P(Spam|message): 1.3194255327164684e-25
P(Ham|message): 1.9325207278425043e-27
Label: Spam


In [34]:
classify("Sounds good, Tom, then see u there")

P(Spam|message): 2.3967807399651816e-25
P(Ham|message): 3.681184738543211e-21
Label: Ham


## Measuring the Spam Filter's Accuracy 

The two results above look promising, but let's see how well the filter does on our test set, which has 1,114 messages.
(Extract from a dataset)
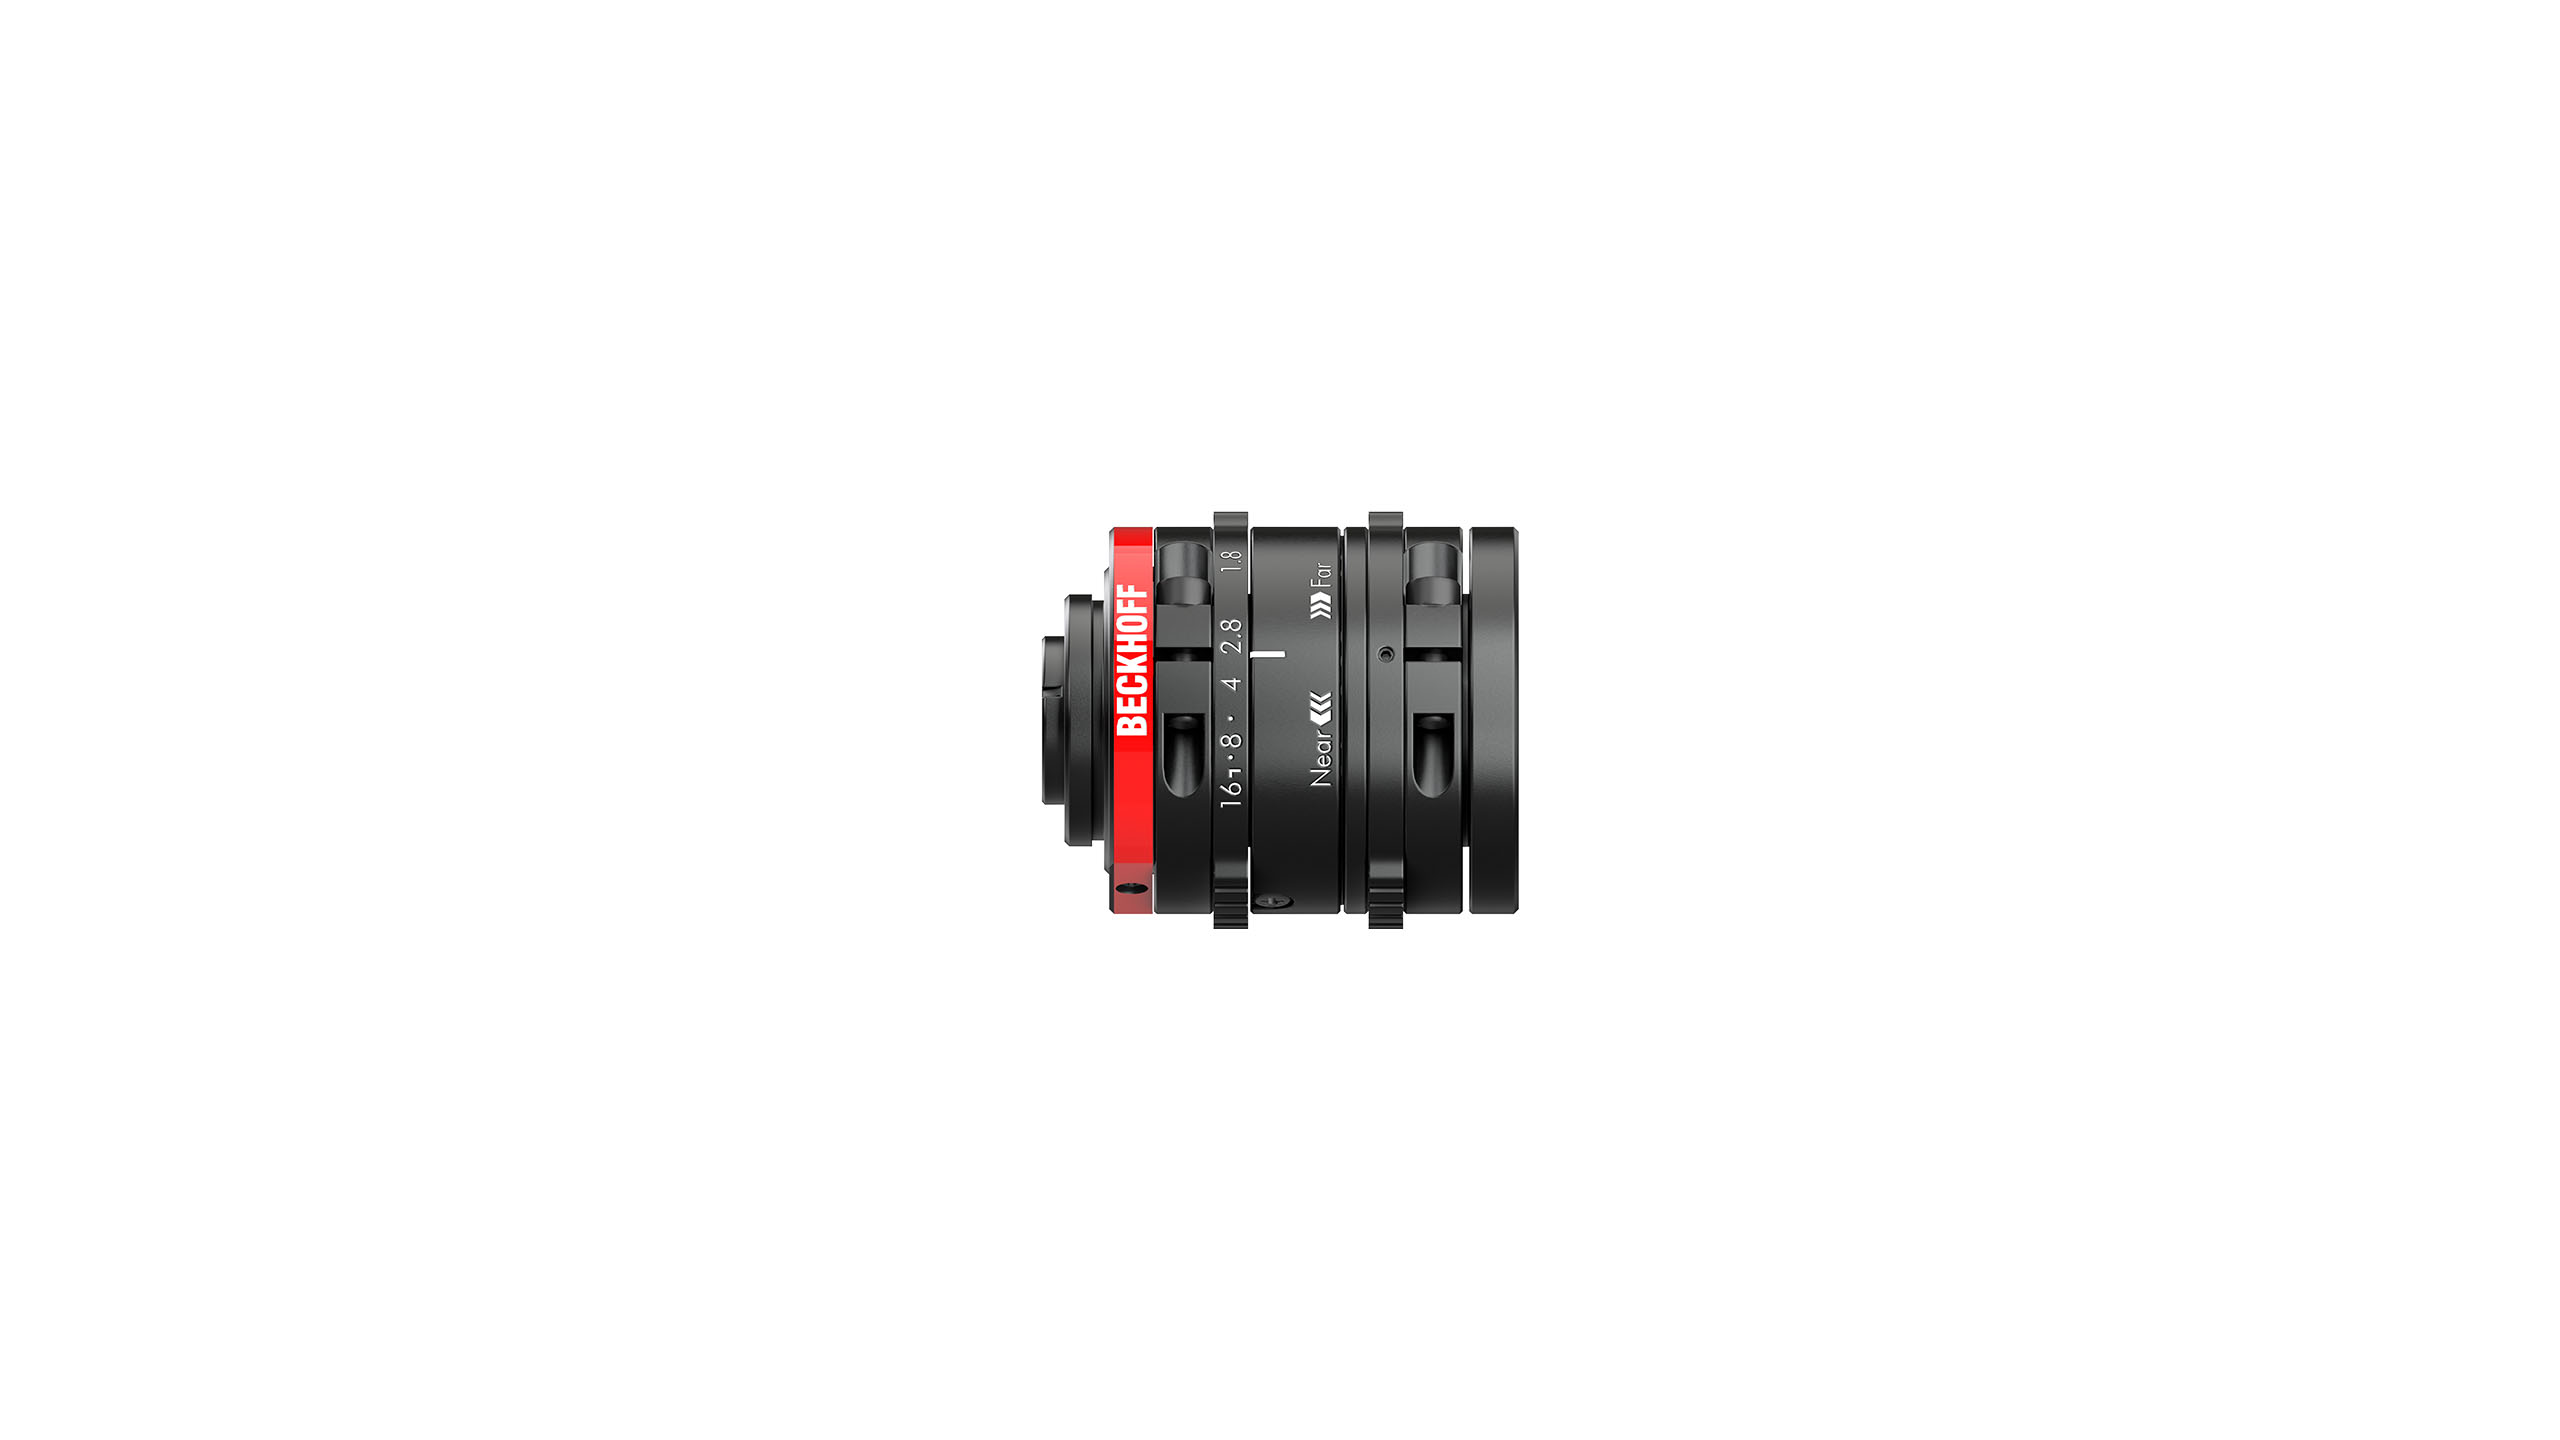 VOS2000-1218 | Camera lens, C mount, image circle 11 mm, pixel size up to 2.0 µm, f = 12 mm, f/1.8
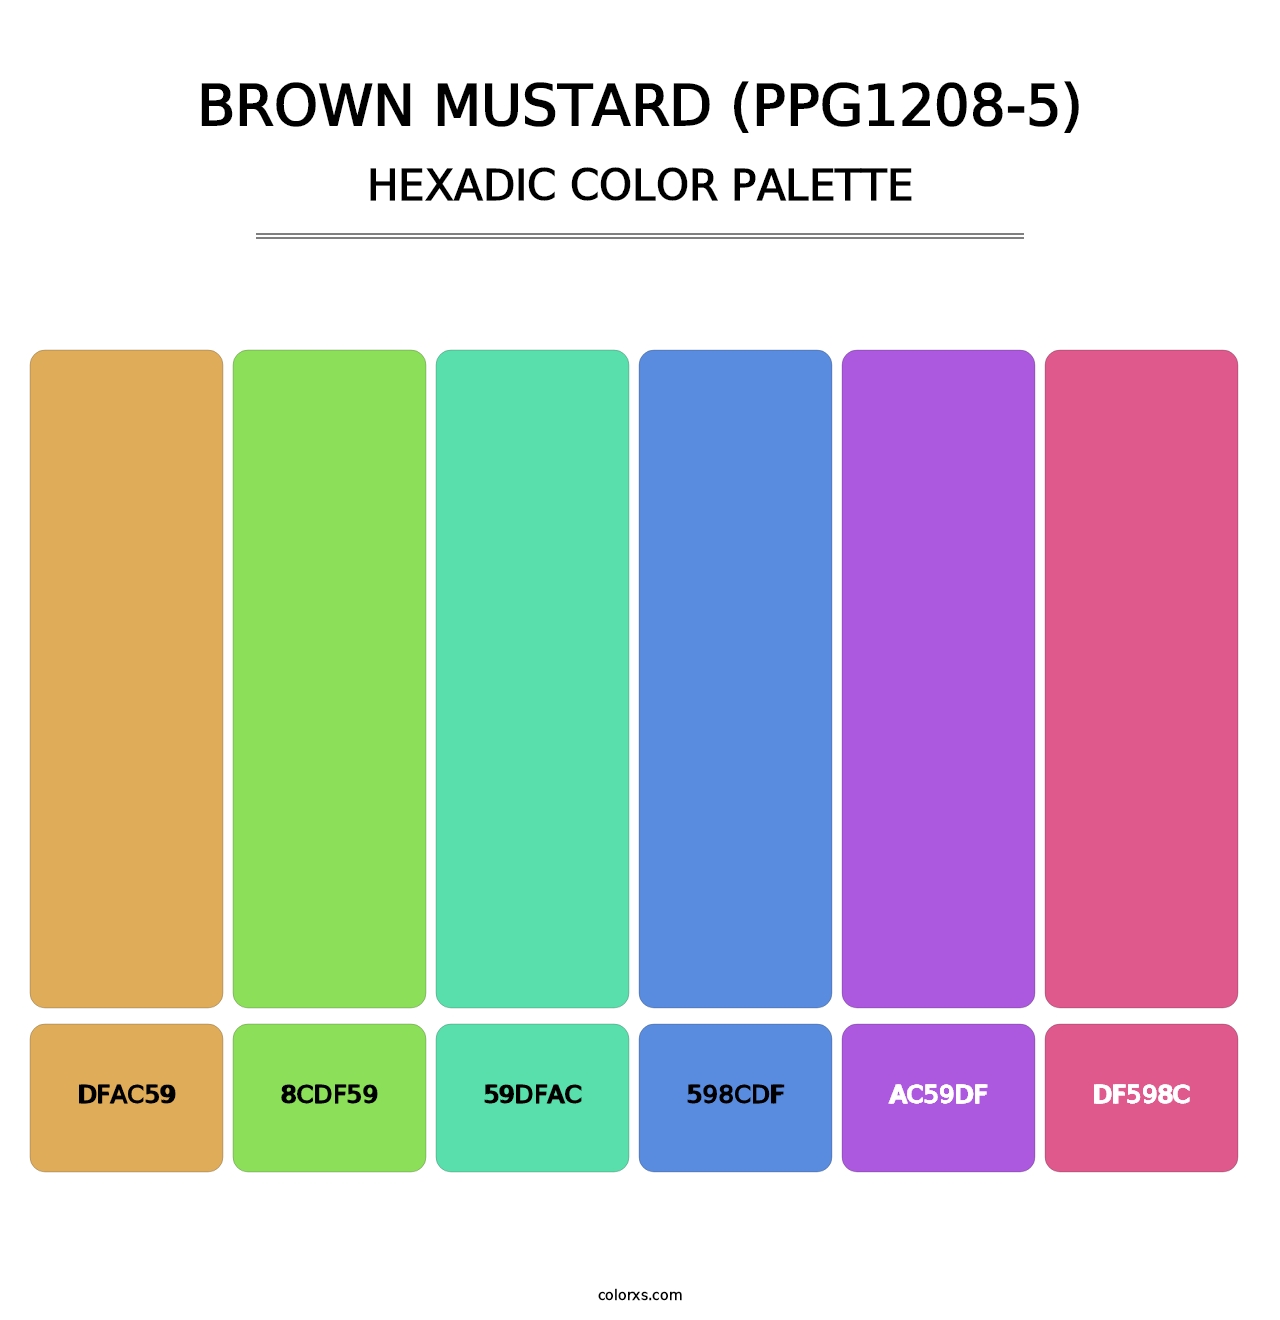 Brown Mustard (PPG1208-5) - Hexadic Color Palette

We'll start by writing a function that returns classification labels instead of printing them.

In [35]:
def classify_test(message):
    message = re.sub('\W',' ', message)
    message = message.lower().split() 
    
    p_spam_given_message = p_spam
    p_ham_given_message = p_ham
    
    for word in message:
        if word in parameters_spam:
            p_spam_given_message *= parameters_spam[word]
        if word in parameters_ham: 
            p_ham_given_message *= parameters_ham[word]
            
    if p_ham_given_message > p_spam_given_message:
        return 'ham'
    elif p_spam_given_message > p_ham_given_message:
        return 'spam'
    else:
        return 'needs human classification'

In [36]:
test['predicted'] = test['SMS'].apply(classify_test)
test.head()

Unnamed: 0,Label,SMS,predicted
0,ham,Later i guess. I needa do mcat study too.,ham
1,ham,But i haf enuff space got like 4 mb...,ham
2,spam,Had your mobile 10 mths? Update to latest Oran...,spam
3,ham,All sounds good. Fingers . Makes it difficult ...,ham
4,ham,"All done, all handed in. Don't know if mega sh...",ham


## Accuracy of the algorithm 

In [39]:
correct = 0 
total = test.shape[0]

for row in test.iterrows():
    row = row[1]
    if row['Label'] == row['predicted']:
        correct += 1
        
print('Correct:', correct)
print('Total:', total)
print('Accuracy:', correct/total)

Correct: 1100
Total: 1114
Accuracy: 0.9874326750448833


The accuracy is close to 98.74%, which is really good. Our spam filter looked at 1,114 messages that it hasn't seen in training, and classified 1,100 correctly.

## Conclusion 

In this project, we managed to build a spam filter for SMS messages using the multinomial Naive Bayes algorithm. The filter had an accuracy of 98.74% on the test set we used, which is a pretty good result. Our initial goal was an accuracy of over 80%, and we managed to do way better than that.